How long before peak hours should I publish on YouTube?

Publish 2–4 hours before your audience's peak watch time. Unlike a quick photo post, a YouTube upload needs time to finish processing (HD/4K transcodes can lag), generate the thumbnail, get indexed for search, and reach the notification queue for subscribers. Going live mid-afternoon for an evening peak is a reliable pattern for most channels.

How do I find the best time to post for my own channel?

Open YouTube Studio, go to Analytics, then the Audience tab, and look at 'When your viewers are on YouTube.' That heatmap shows the days and hours your specific viewers are active — purple intensity marks the busiest windows.

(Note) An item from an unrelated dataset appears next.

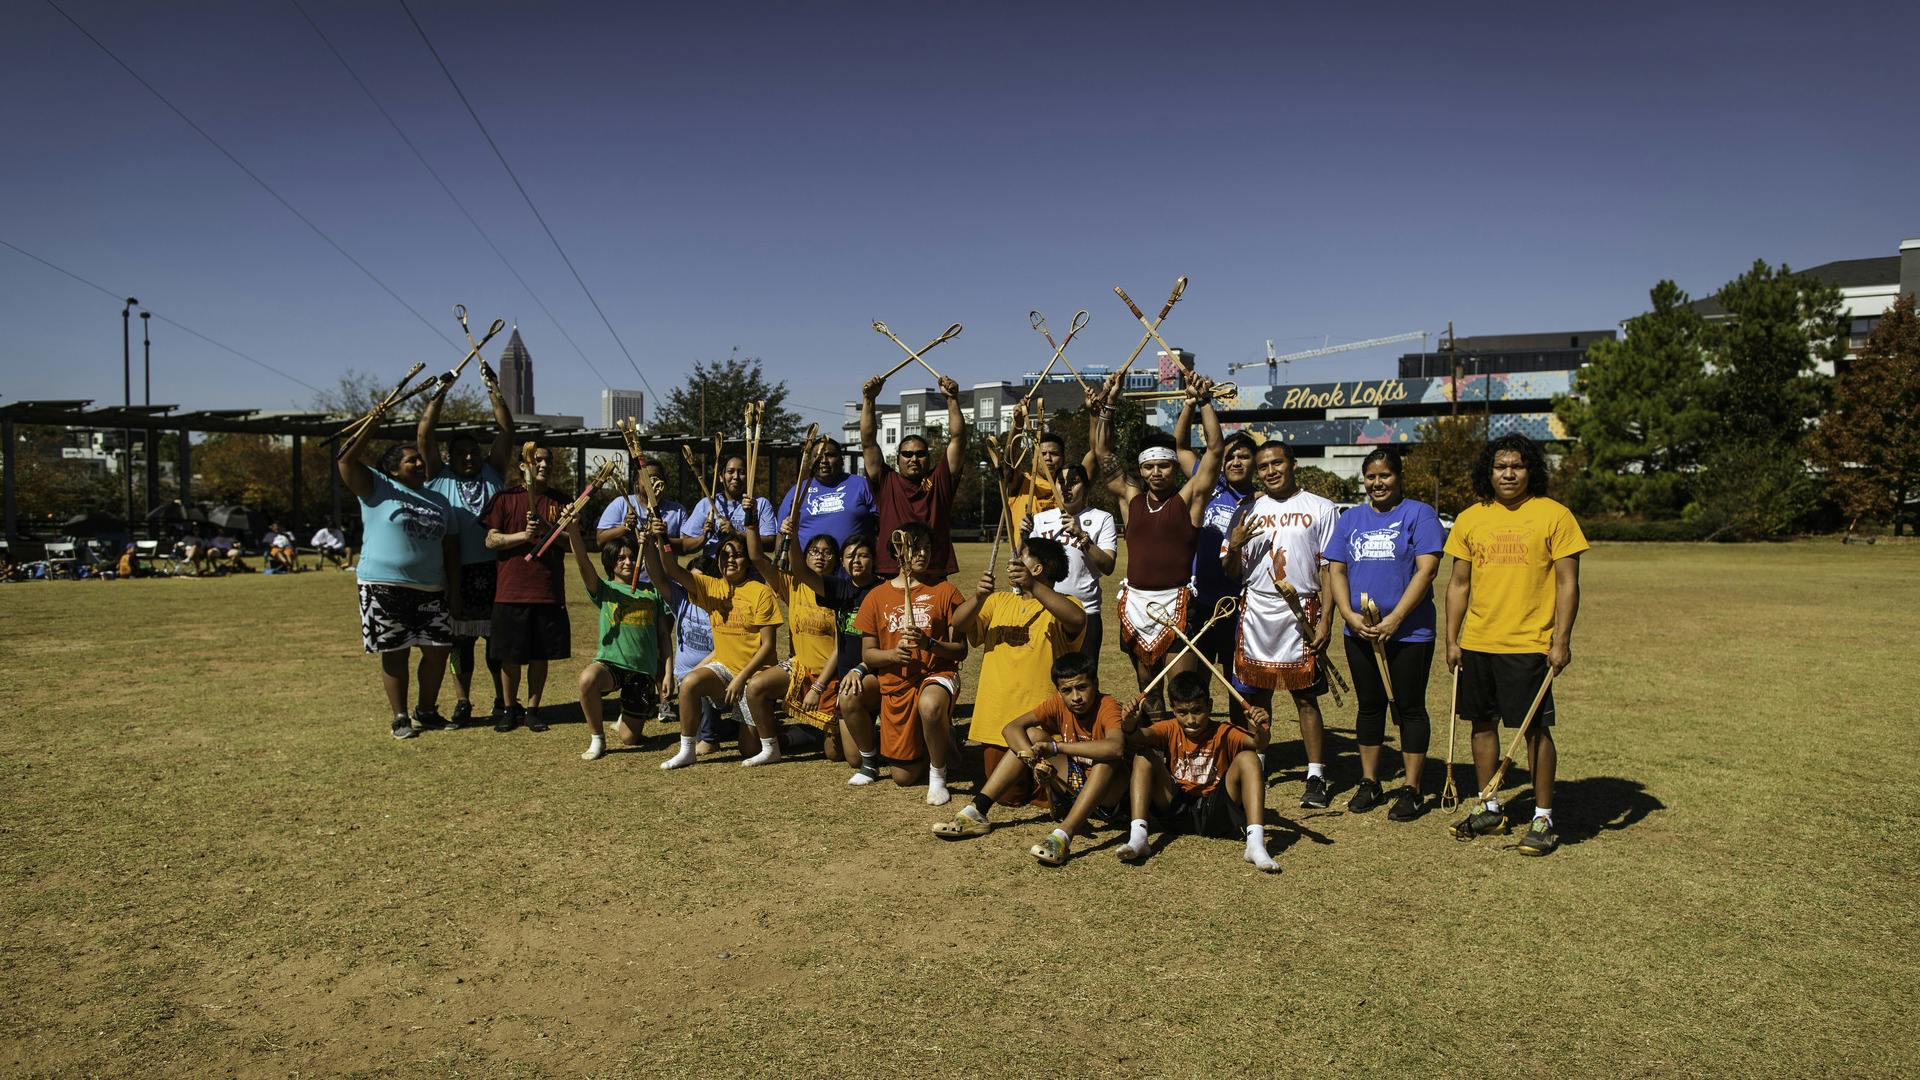 Members of Indigenous Nations pose together for a photo with their Stickball sticks on the activity field at the Historic Fourth Ward Skatepark.
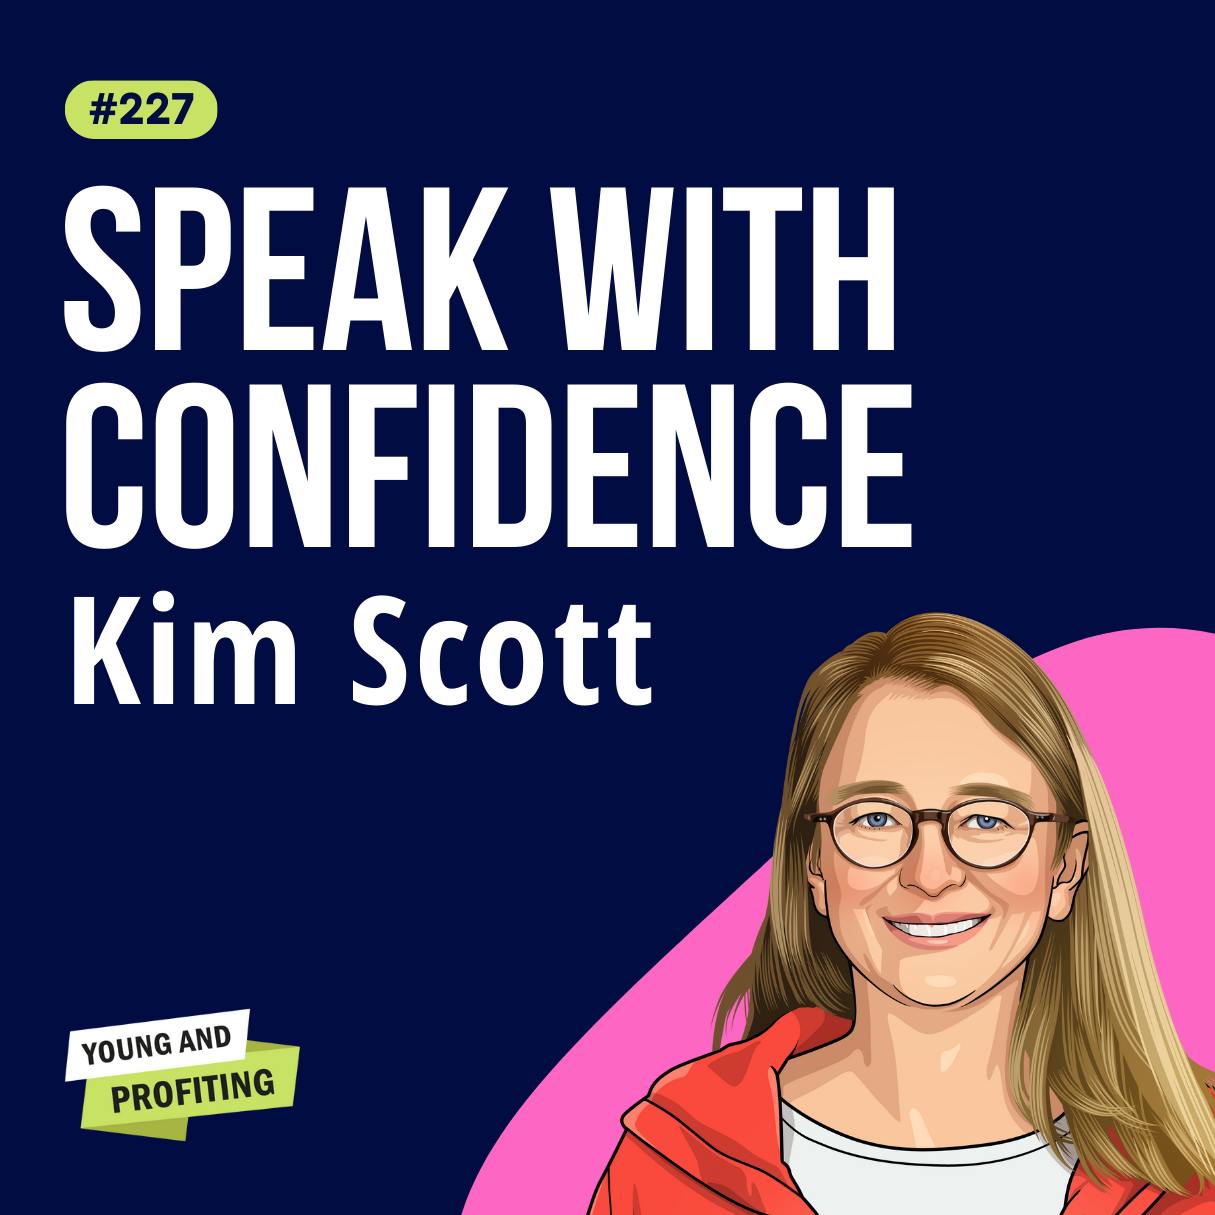 Kim Scott: Radical Candor, How to Say What You Mean Without Being A Jerk | E227

Schedule uploads to be live a couple of hours before those bright blocks, then confirm by checking which of your past videos earned the most views in their first 48 hours.

Does it matter which day of the week I upload on YouTube?

Consistency matters more than the exact day. Picking a regular slot (for example, every Thursday at 3 PM) trains both the algorithm and your subscribers to expect new content, which lifts first-day click-through. That said, weekday afternoons and weekend mornings tend to outperform Monday mornings and late Sunday nights for most channels — so pair a strong day with a schedule you can actually keep.